Edgar et Louise Coulon. Une nouvelle génération chez Roger Coulon.
Edgar et Louise Coulon. Une nouvelle génération chez Roger Coulon. Roger Coulon

Cette génération, c’est celle de la fille et du fils d’Isabelle et Éric Coulon, Edgar et Louise. Pour Edgar Coulon, il s’agit surtout d’une continuité, comme une suite logique liée à une enfance bercée d’amour et de bons petits plats : « Avant d’aimer le vin, on aimait la cuisine, car on cuisinait beaucoup à la maison. Nous avons toujours vécu ici et on a été rythmés en fonction des saisons de la campagne viticole » se souvient-il. En précisant : « on a toujours eu le choix ».

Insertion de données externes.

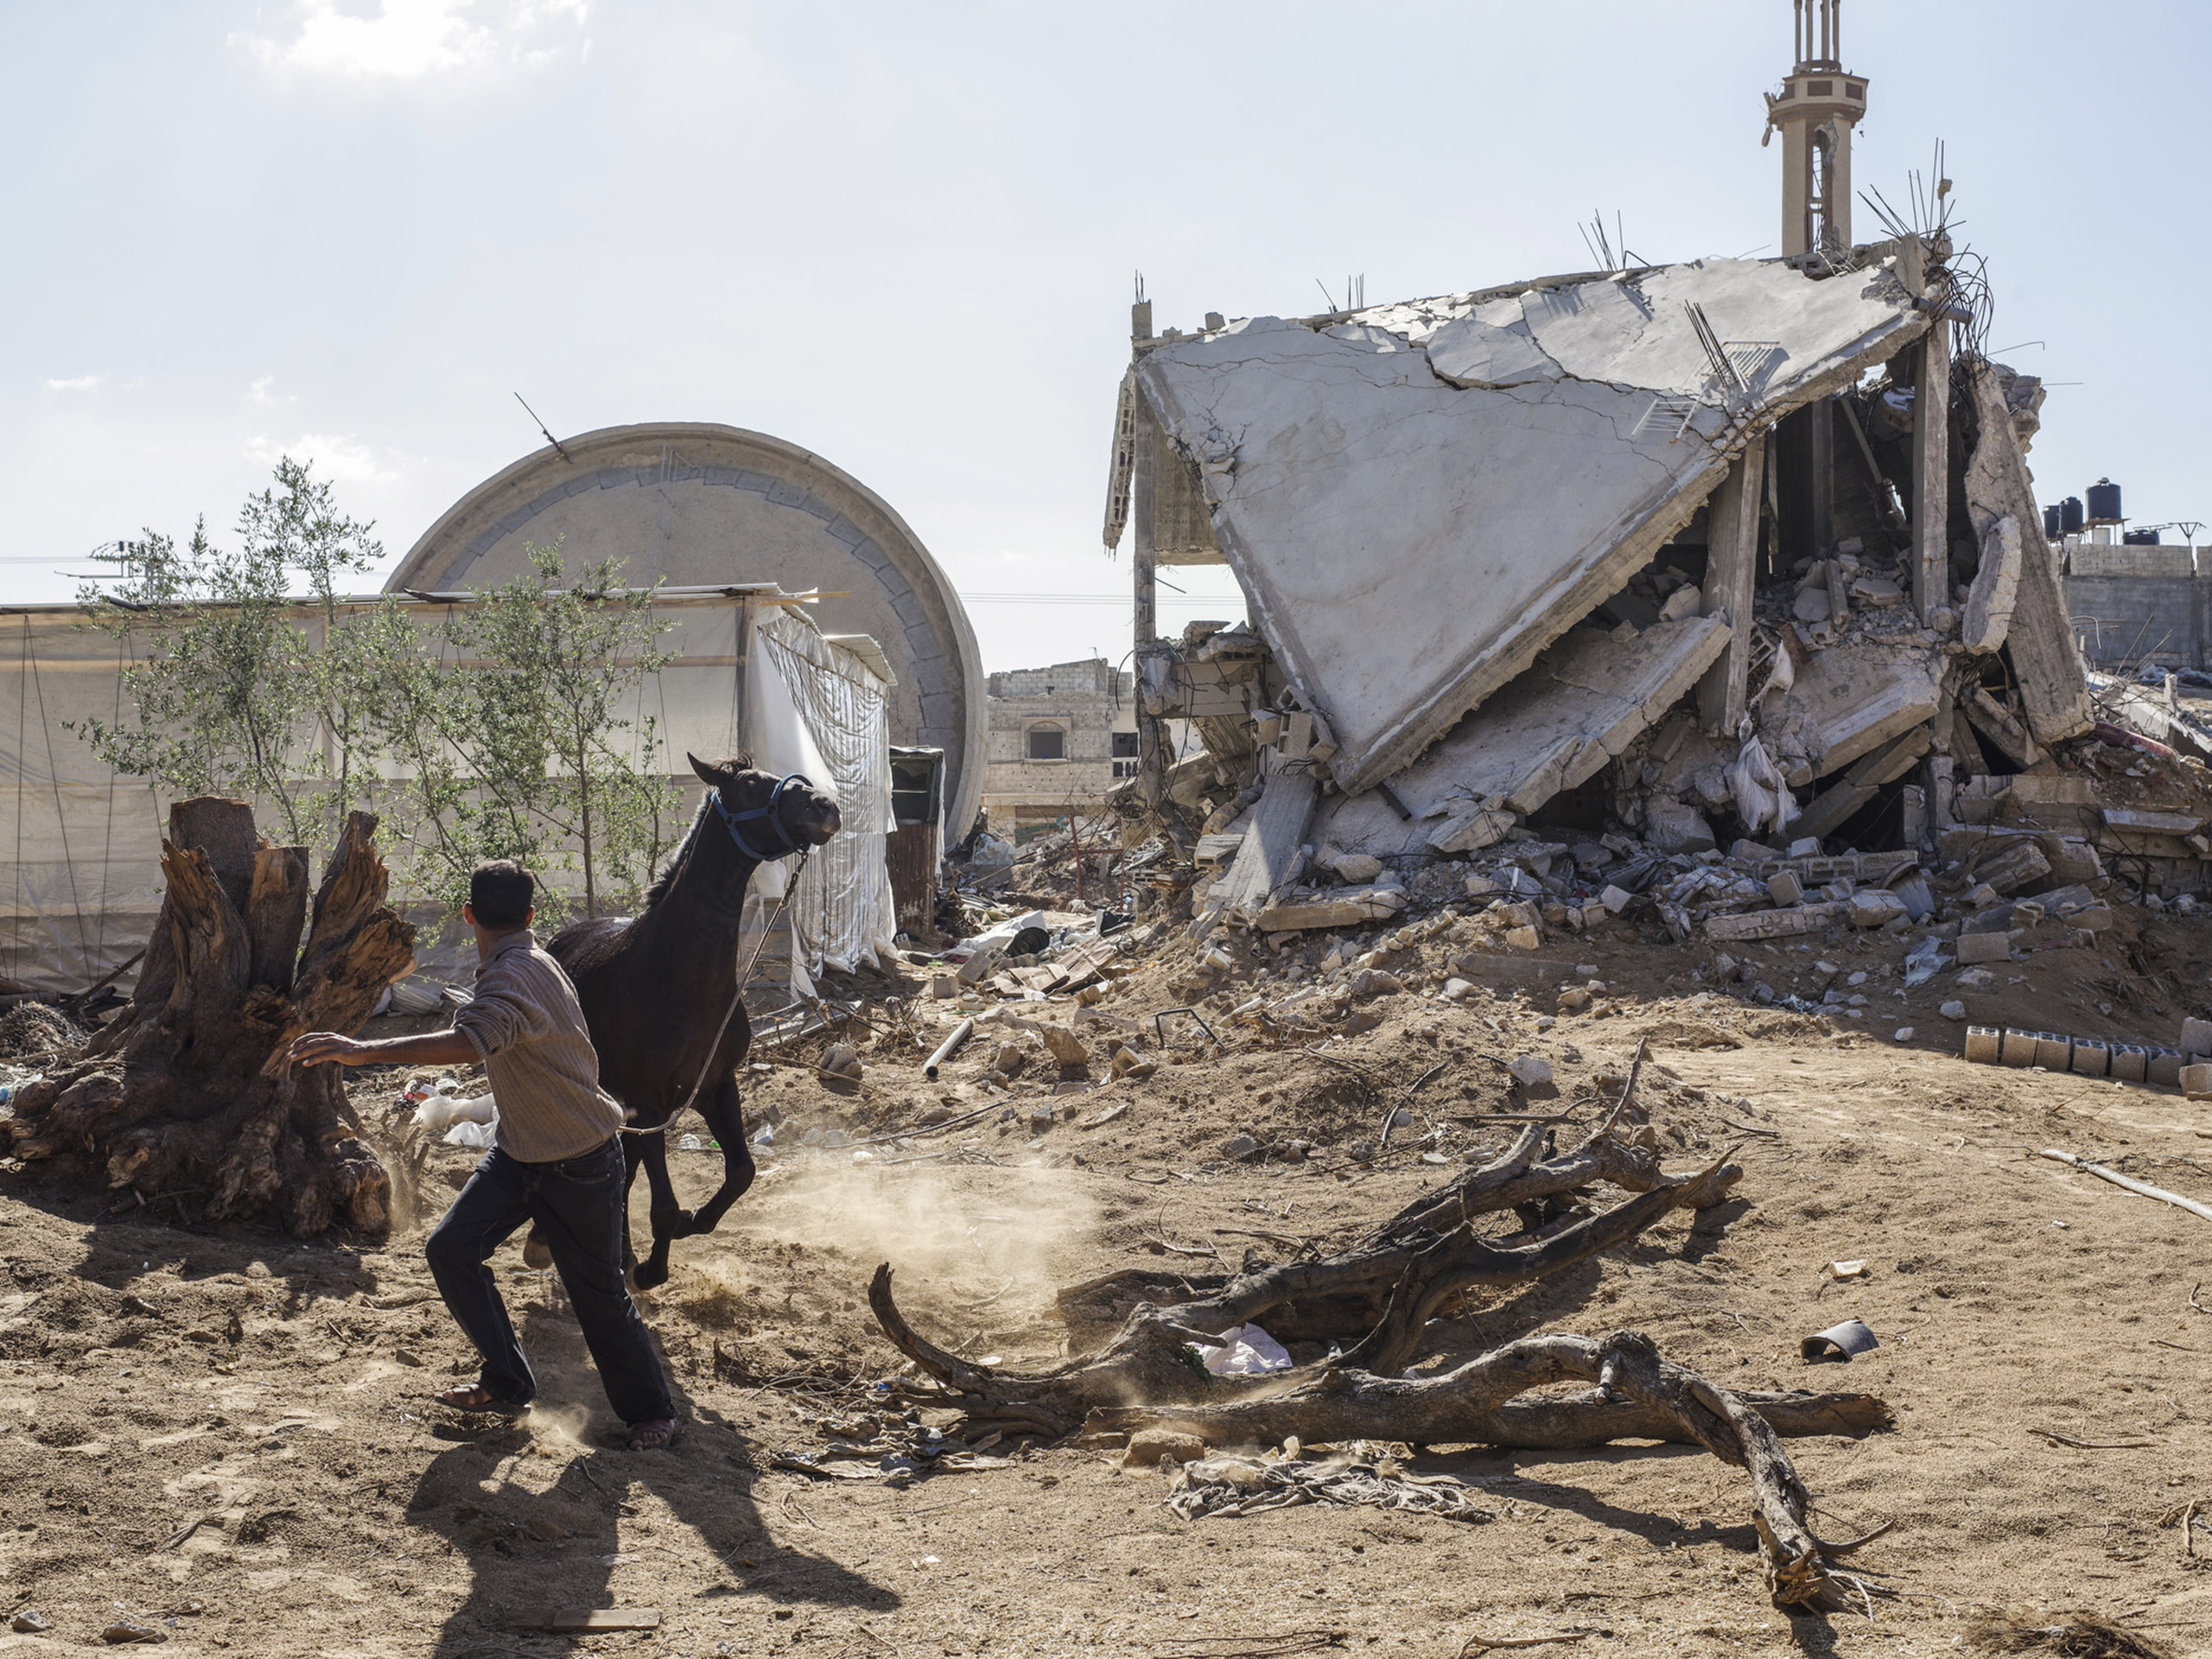 A runaway horse is seen near a destroyed mosque in southern Gaza.

Roger Coulon en quelques chiffres

 

  • 9e génération de vigerons
  • 11 hectares
  • 115 parcelles, terroirs dans les premiers et grands crus de la Montagne de Reims
  • Environ 80 000 bouteilles en fonction des années
  • Une dizaine de cuvées
  • 40 ans, c’est l’âge moyen des vignes avec encépagement à dominante pinot meunier (mais également pinot noir et chardonnay
  • 2019 : la conversion en bio

Nature et transmission

Désormais jeunes adultes, leurs positions comptent au sein des décisions familiales : « des décisions collégiales », précise Louise Coulon. Ce regard neuf associé à une expérience acquise ailleurs permet d’apporter une différence, même si la culture familiale n’est jamais très loin : « On partage des tâches, on échange, on dialogue, on est très souvent d’accord, et on arrive à facilement s’entendre ». Éric Coulon, quant à lui, se réjouit « jeunes, ils ont découvert qu’ils aimaient notre travail, désormais, ils apportent leur évolution tout en respectant l’histoire du domaine, c’est une phase magnifique ». Isabelle Coulon le souligne, « transmettre, c’est une vraie opportunité quand les successeurs s’engagent pleinement ». Une succession qui ravit, notamment pour Éric Coulon qui avait, lui, dû reprendre l’exploitation au décès de son père en 1982. « La force de mon handicap est d’avoir perdu mon père, c’est que je me suis construit plus vite ». Pour Louise et Edgar Coulon, évolution ne signifie pas révolution : cette transmission du domaine est surtout incarnée par ce lien fort qui les unit à leurs parents. Des parents qui leur ont insufflé le goût de la nature.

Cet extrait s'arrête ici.